Social security is governed by regulations and bilateral agreements

The social security regulations of the EU consolidate the social security systems of the different Member States. The social security agreements are bilateral agreements between two countries. The aim of the EU regulations on social security and the social security agreements is to make sure that a person is covered by the laws of only one country at a time.

The social security agreements and EU’s regulation on social security determine which country’s laws are to be applied to a person who moves between two or several countries and what social security rights such a person has.
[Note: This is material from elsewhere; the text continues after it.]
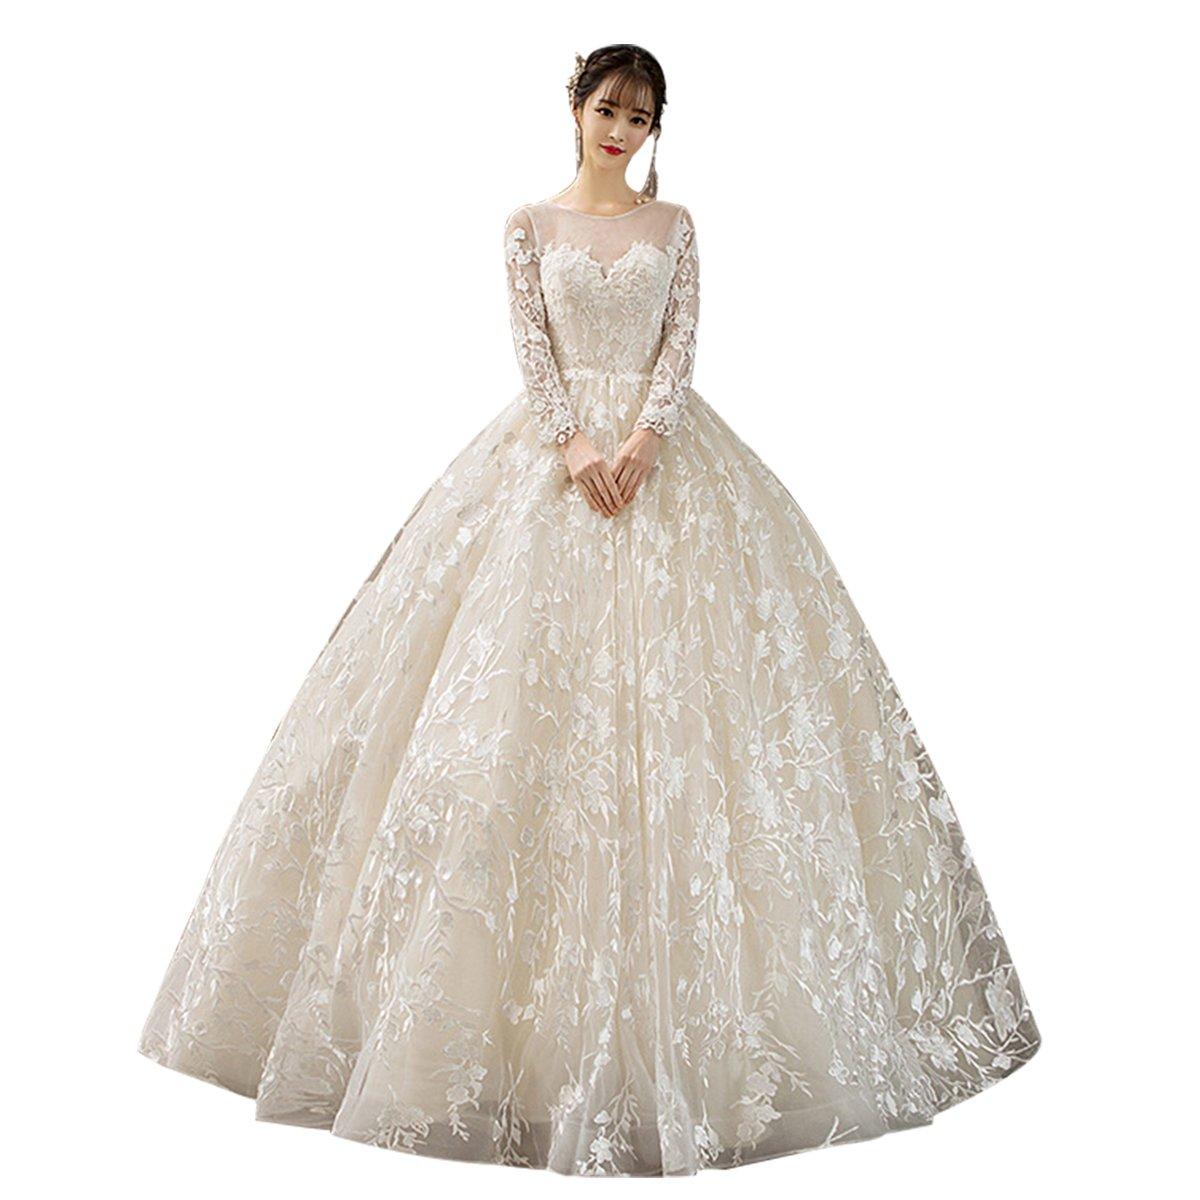 Erosebridal Women S Sheer Sweetheart Neckline Bridal Ball Gowns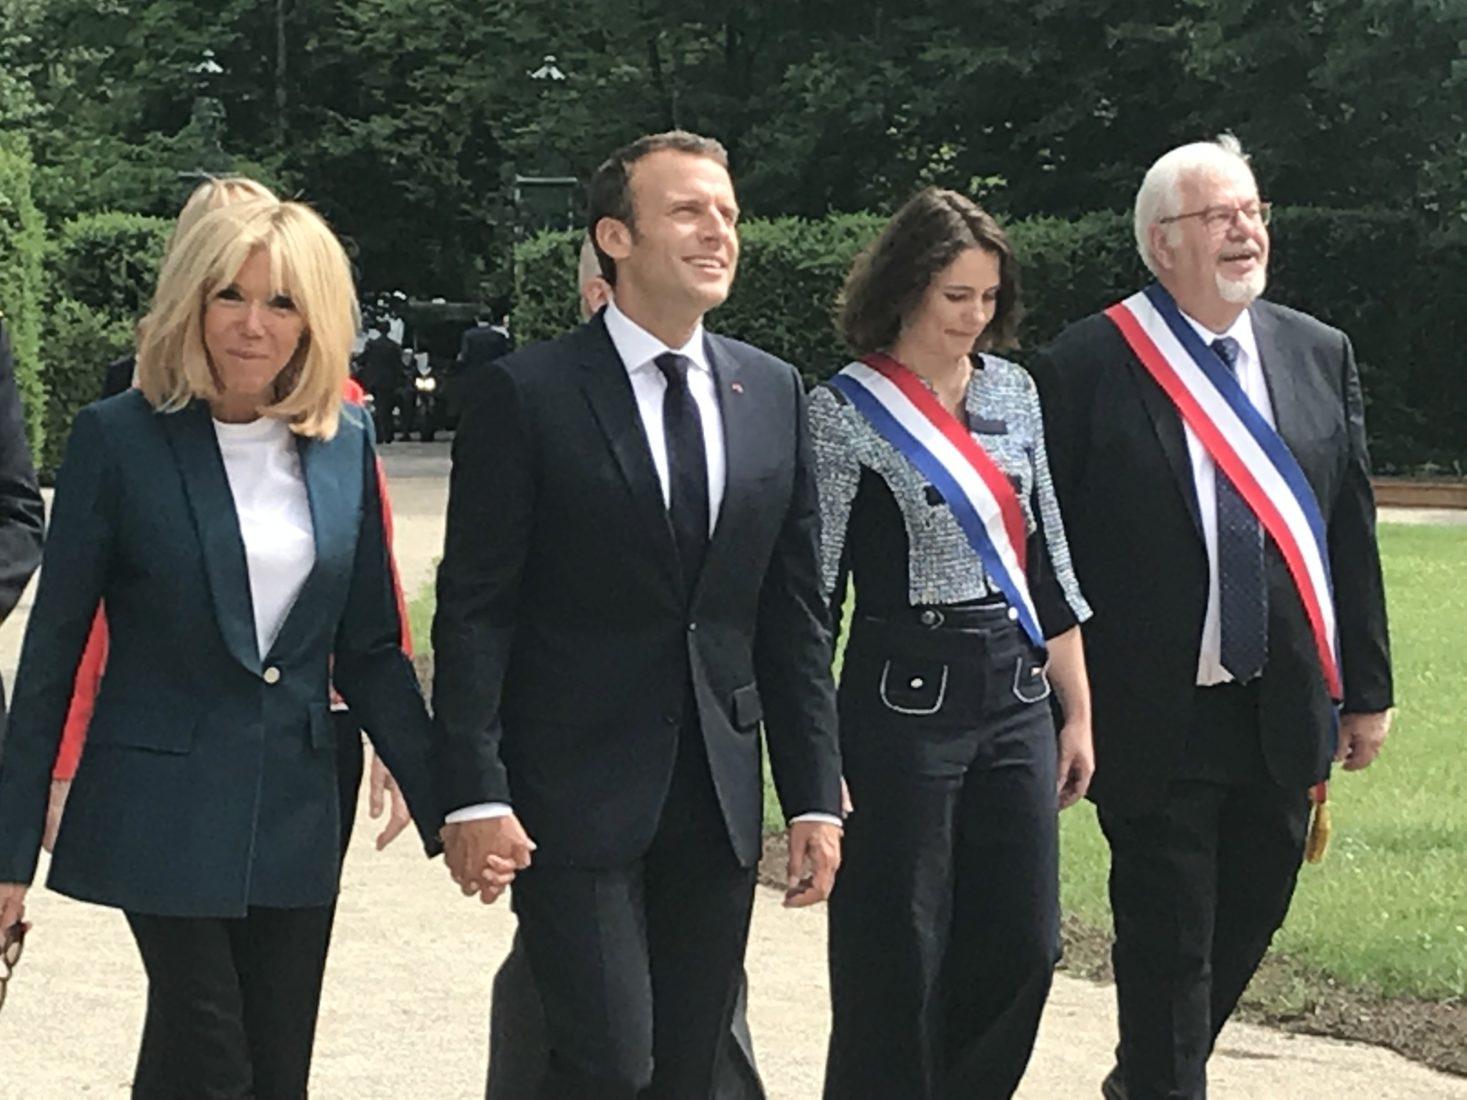 Château de Ferney Voltaire arrivée de Emmanuel et Brigitte Macron

One of the aims of the regulations and the agreements is to ensure that the social security continues uninterruptedly for a person who moves from one country to another. Another aim is to prevent situations in which an employee would be insured for social security in two countries and pay double social security contributions. A third aim is to remove any obstacles for receiving social security benefits.

The level of social security and the benefits are always determined by national laws.

One of the central principles of the social security agreements and the EU social security regulations is that people be treated equally.  That is why the citizens of the country with which a social security agreement has been signed are guaranteed the same rights and obligations as the country’s own citizens.

Main rule of insurance

The main rule in both the EU social security regulations and the social security agreements is that a person working abroad is covered by the social security laws of the country in which they work. The social security contributions are paid to that country and the right to social security benefits (such as pensions) is determined based on the laws of the country in which the person works.

Persons moving abroad to work do not have to inform the Finnish Centre for Pensions of the move, but they have to inform the Social Insurance Institution of Finland (Kela).

A person working abroad temporarily may be subject to Finnish social security laws under certain conditions. The Finnish Centre for Pensions can grant an A1 certificate to attest that Finnish social security laws are applied to a person working in en EU/EEA country, Switzerland or a country with which Finland  has a social security agreement.